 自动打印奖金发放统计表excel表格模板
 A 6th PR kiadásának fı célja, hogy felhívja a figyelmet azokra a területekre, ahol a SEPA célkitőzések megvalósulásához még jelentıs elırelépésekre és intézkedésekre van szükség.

---

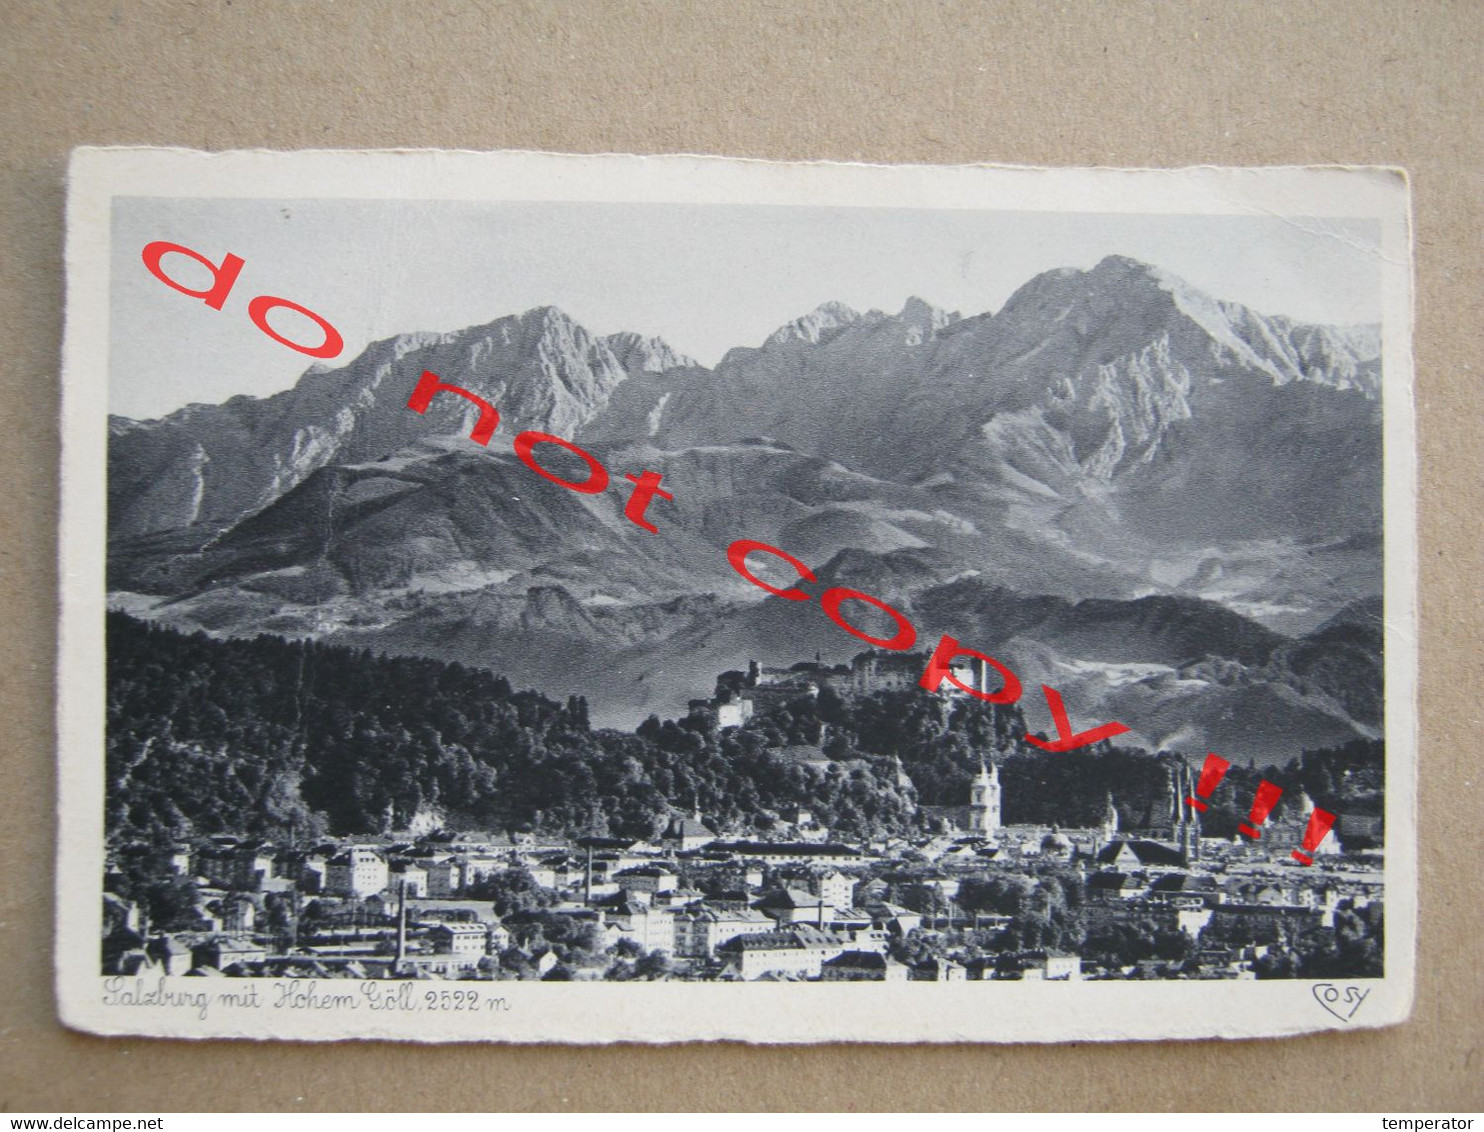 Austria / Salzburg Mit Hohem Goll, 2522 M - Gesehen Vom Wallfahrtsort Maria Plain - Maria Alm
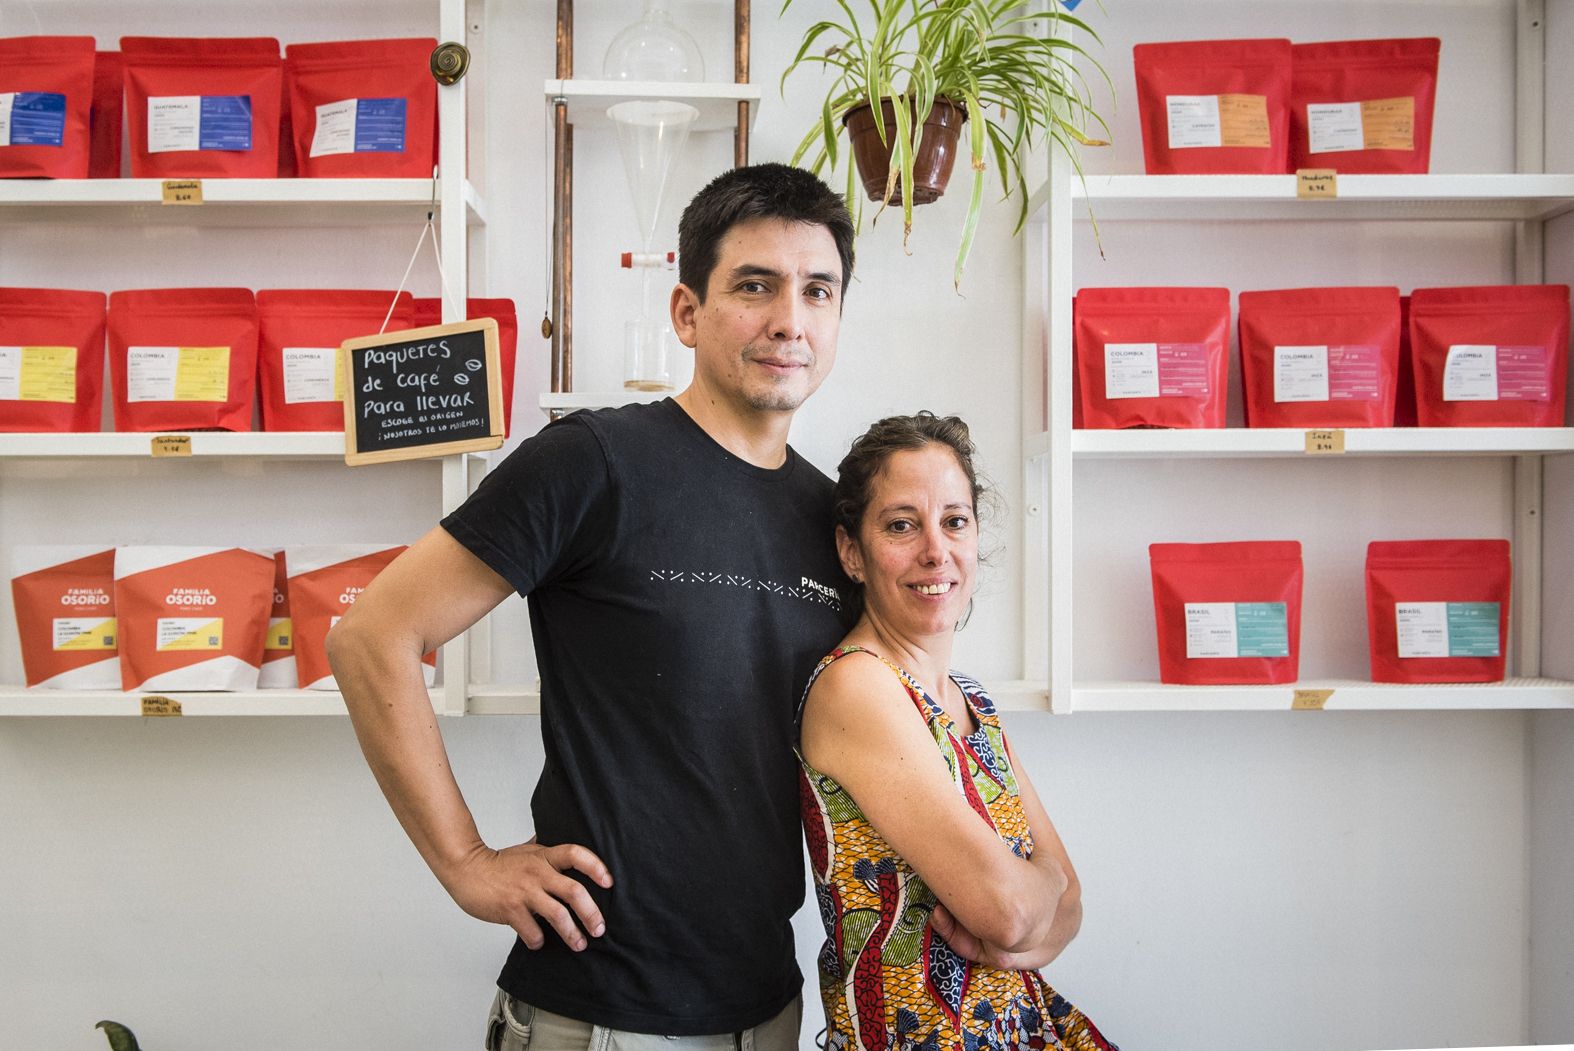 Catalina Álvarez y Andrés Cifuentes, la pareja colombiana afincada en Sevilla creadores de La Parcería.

**Work to complete**
Retype only the lines above between the line with "自动打印奖金发放统计表excel表格模板" and the line with "A 6th PR kiadásának", counting those two lines as well, and keep every character as it is.

**Reply**
 自动打印奖金发放统计表excel表格模板
 A 6th PR kiadásának fı célja, hogy felhívja a figyelmet azokra a területekre, ahol a SEPA célkitőzések megvalósulásához még jelentıs elırelépésekre és intézkedésekre van szükség.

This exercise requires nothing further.